Occasionally wonky but overall a good case for how the dismal science can make the world less—well, dismal.

“Quality of life means more than just consumption”: Two MIT economists urge that a smarter, more politically aware economics be brought to bear on social issues.

It’s no secret, write Banerjee and Duflo (co-authors: Poor Economics: A Radical Rethinking of the Way To Fight Global Poverty, 2011), that “we seem to have fallen on hard times.” Immigration, trade, inequality, and taxation problems present themselves daily, and they seem to be intractable. Economics can be put to use in figuring out these big-issue questions. Data can be adduced, for example, to answer the question of whether immigration tends to suppress wages. The answer: “There is no evidence low-skilled migration to rich countries drives wage and employment down for the natives.” In fact, it opens up opportunities for those natives by freeing them to look for better work.

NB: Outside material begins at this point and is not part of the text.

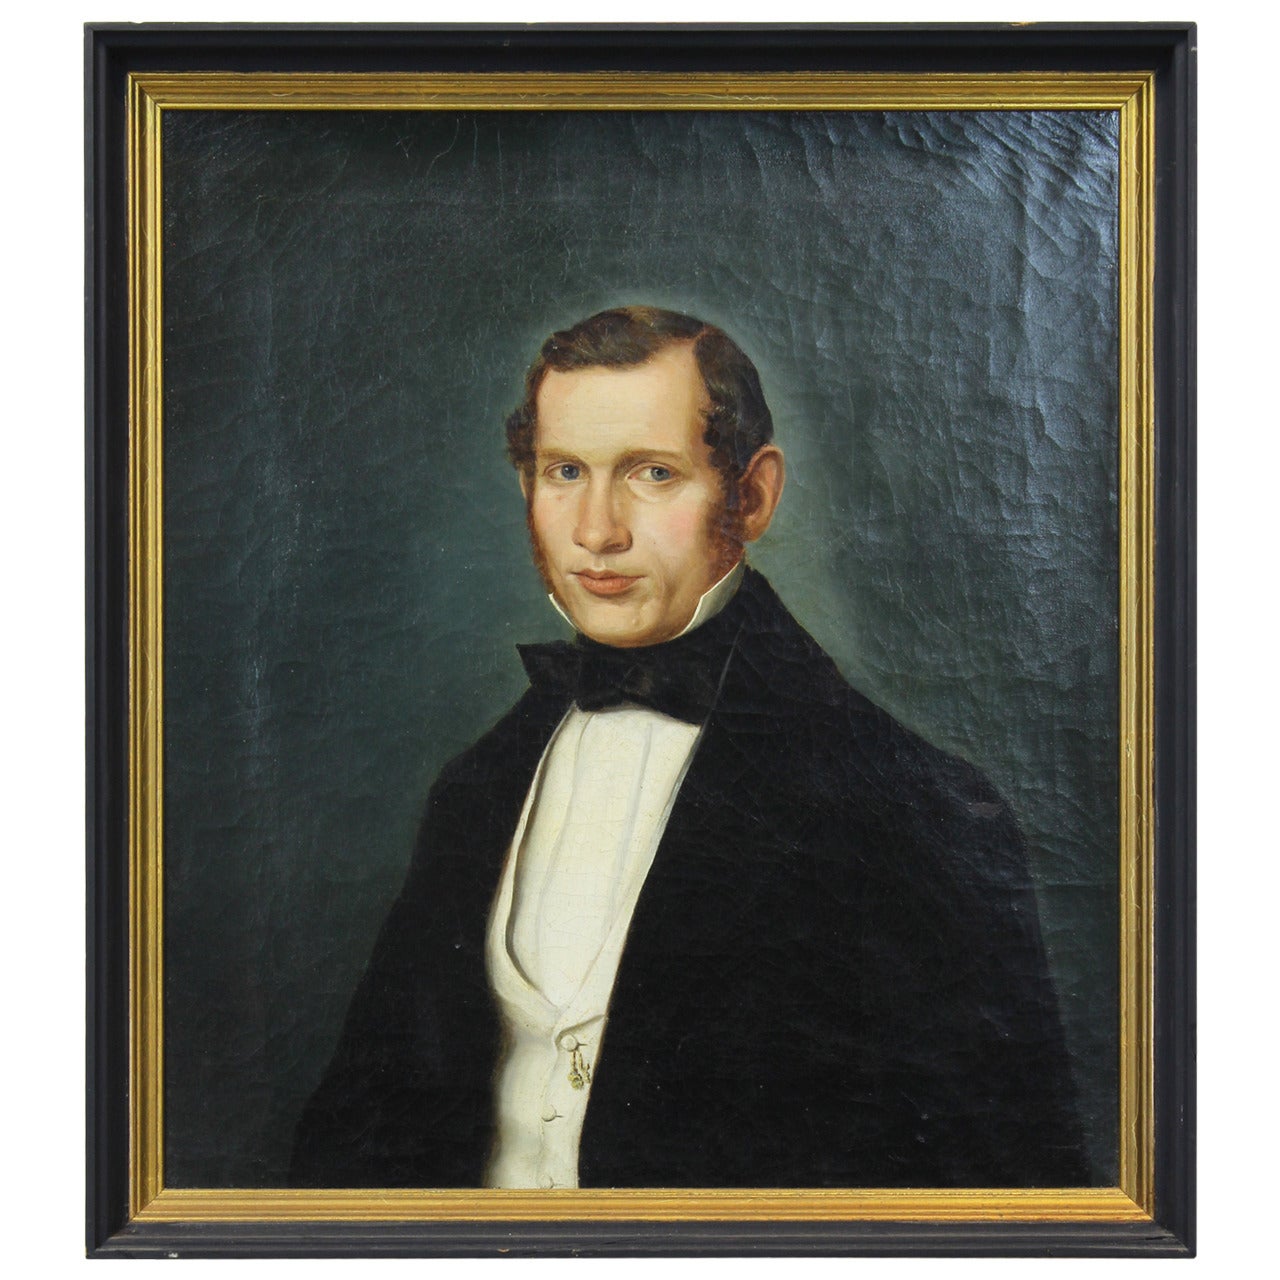 Very Fine 19th Century American Portrait of a Gentleman

The problem becomes thornier when it comes to the matter of free trade; as the authors observe, “left-behind people live in left-behind places,” which explains why regional poverty descended on Appalachia when so many manufacturing jobs left for China in the age of globalism, leaving behind not just left-behind people but also people ripe for exploitation by nationalist politicians. The authors add, interestingly, that the same thing occurred in parts of Germany, Spain, and Norway that fell victim to the “China shock.” In what they call a “slightly technical aside,” they build a case for addressing trade issues not with trade wars but with consumption taxes: “It makes no sense to ask agricultural workers to lose their jobs just so steelworkers can keep theirs, which is what tariffs accomplish.” Policymakers might want to consider such counsel, especially when it is coupled with the observation that free trade benefits workers in poor countries but punishes workers in rich ones.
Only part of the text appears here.